Louis Albrand constate que la grille d’évaluation du potentiel suicidaire n’est utilisée que dans 48,7 % des cas. Dans les deux tiers des cas, il n’y a pas de surveillance spéciale avant et après le procès du détenu, notamment en maison d’arrêt, alors que ce sont des moments où il est fragilisé. La suppression des points d’accroche – alors que 95 % des suicides ont lieu par pendaison – n’est réellement effective que dans les nouveaux établissements, car cela « nécessite un budget conséquent ».

Le pré-rapport préconise « une prise en compte plus globale de la personne détenue (ses relations familiales, ses activités, un travail ou une formation qui pourraient l’occuper) ». Il propose aussi de mettre en place un système d’échanges d’informations, « accessibles aussi en dehors des heures ouvrables » pour associer « véritablement » les familles qui pourraient faire part de leurs inquiétudes par le biais d’un numéro vert, par exemple. Il suggère de diminuer le recours au quartier disciplinaire, « en privilégiant des mesures alternatives à la cellule disciplinaire, mais aussi en faisant des quartiers disciplinaires des lieux d’exécution d’une sanction plus humanisée ».
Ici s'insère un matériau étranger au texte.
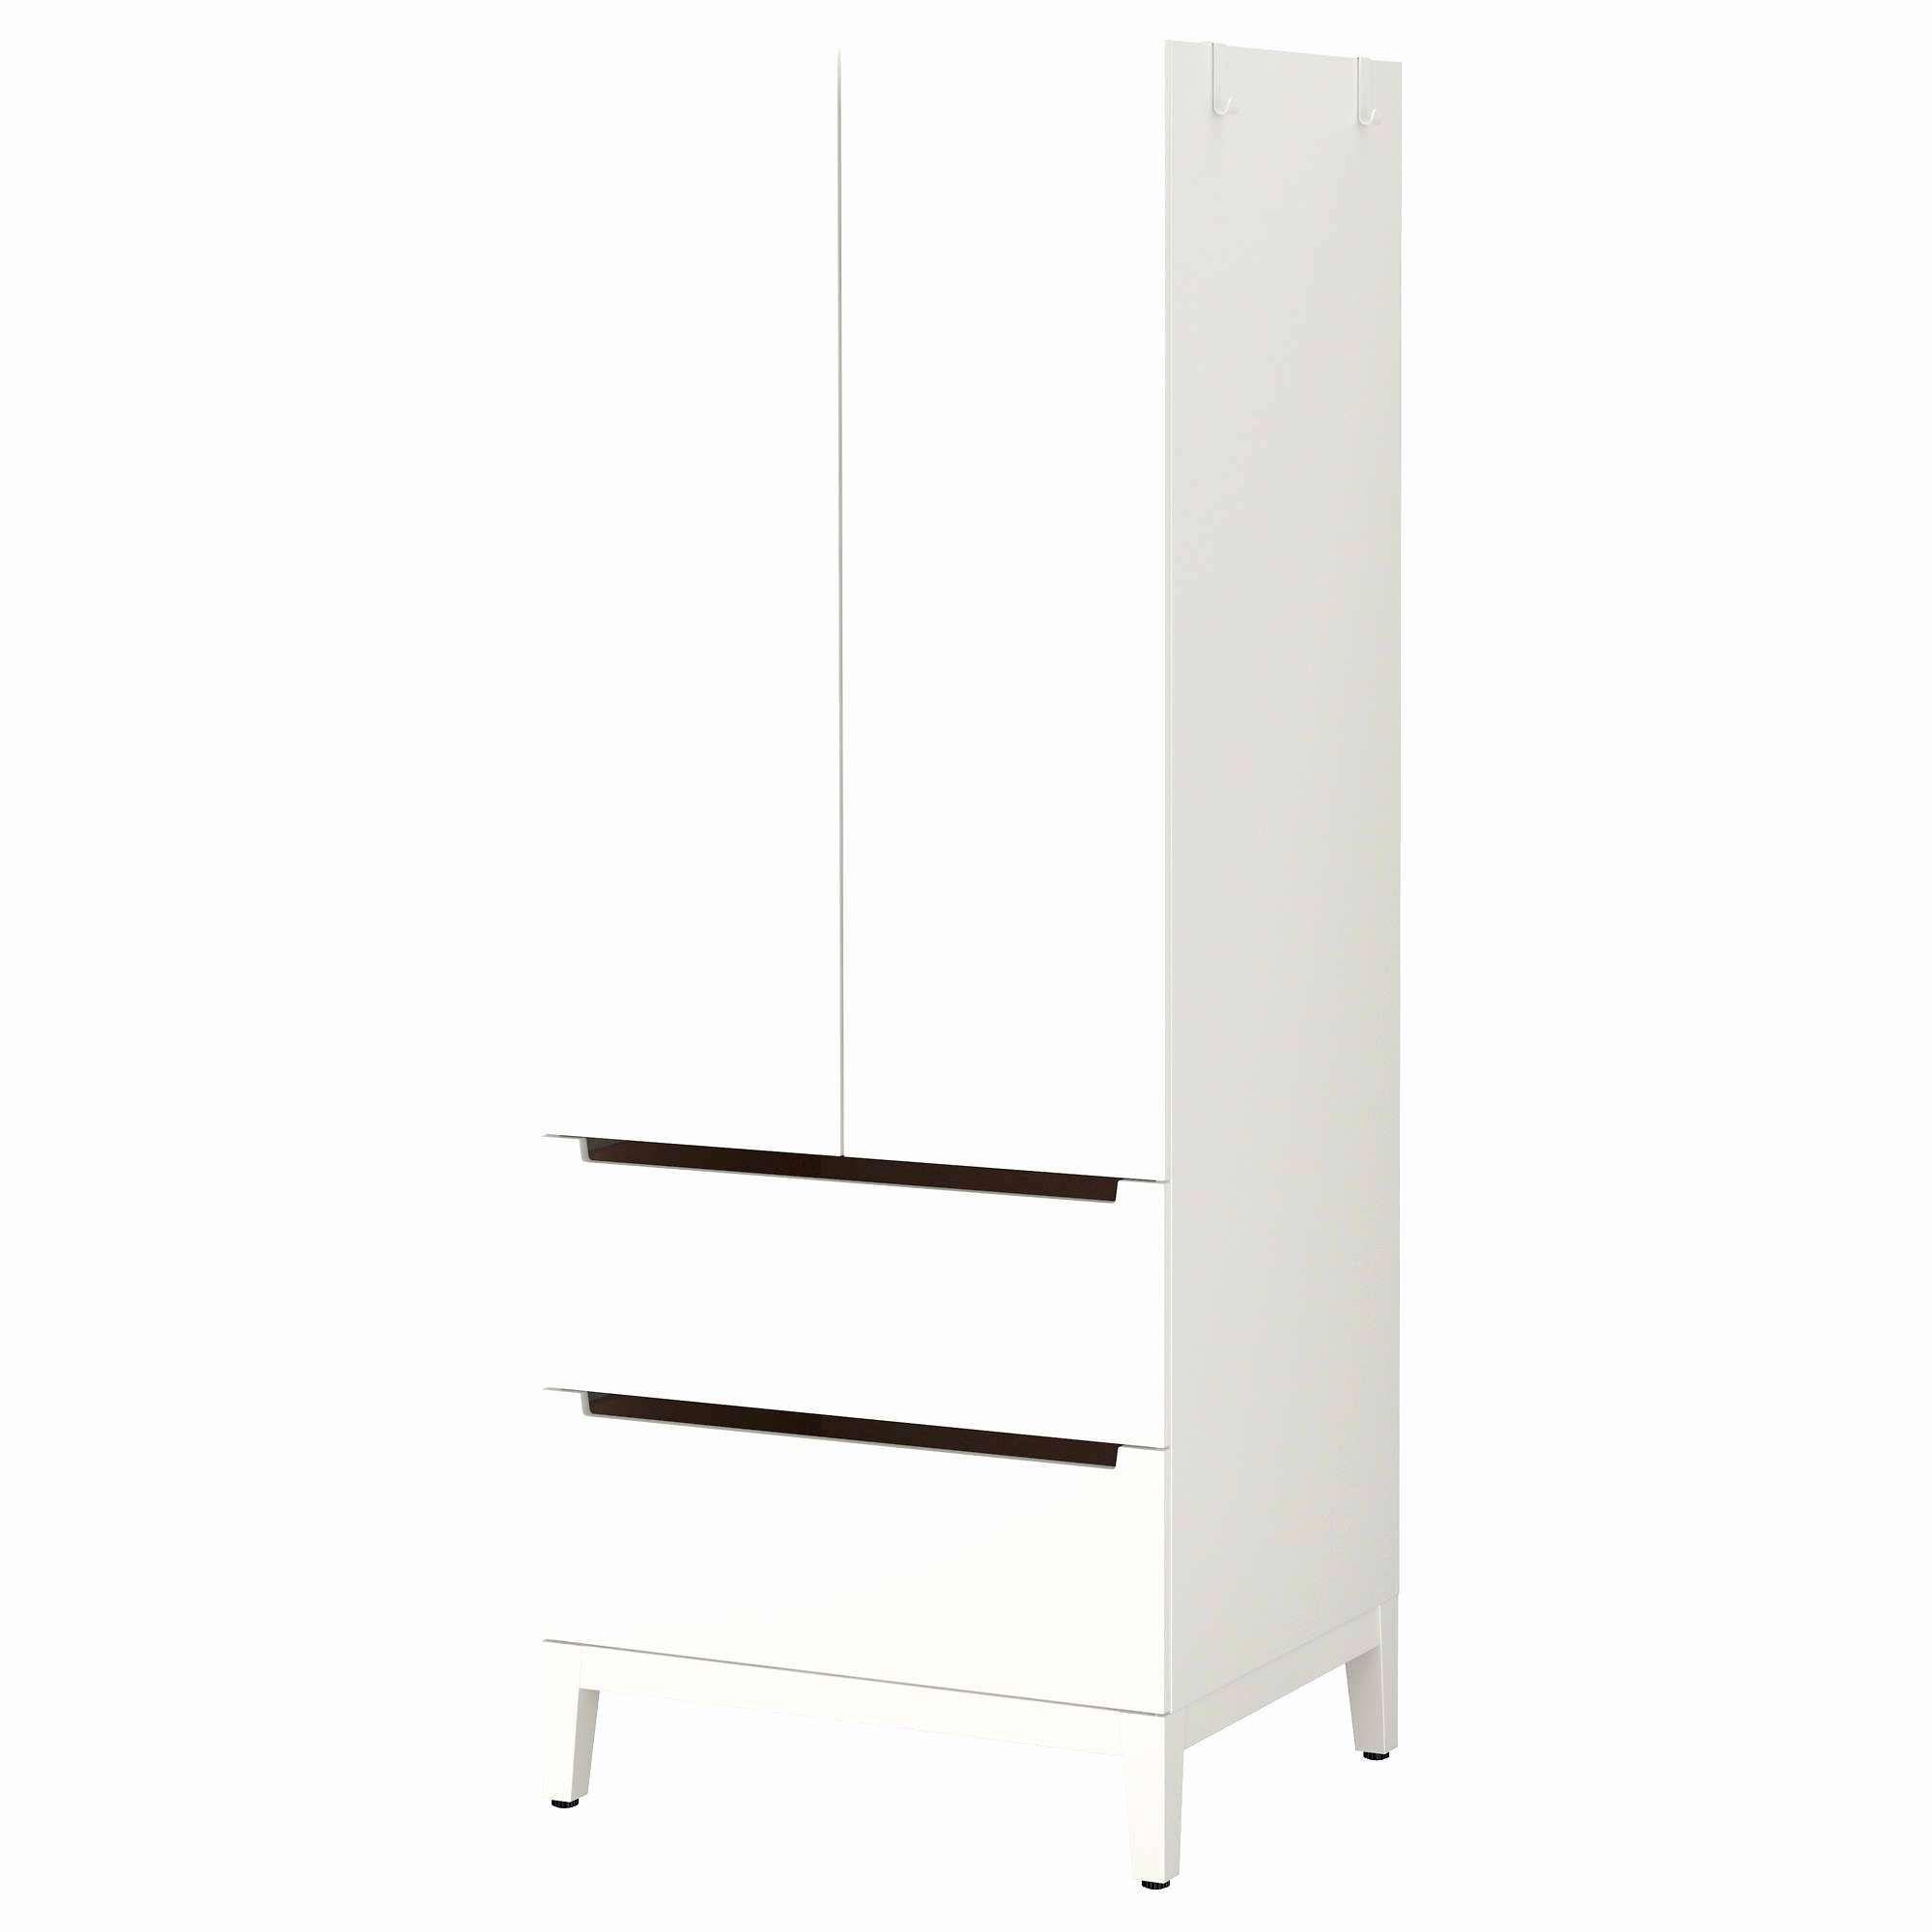 Sideboard 200 Cm Breit Schubladenkommode Wimex Neueste Sideboard

Dans un bilan sur les suicides de 2008, l’administration pénitentiaire indique que 71,56 % des personnes qui se sont suicidées avaient été repérées comme suicidaires : « Pour ces personnes, des mesures spécifiques de suivi ont été mises en place, mais pas forcément un plan de protection complet », reconnaît l’administration pénitentiaire.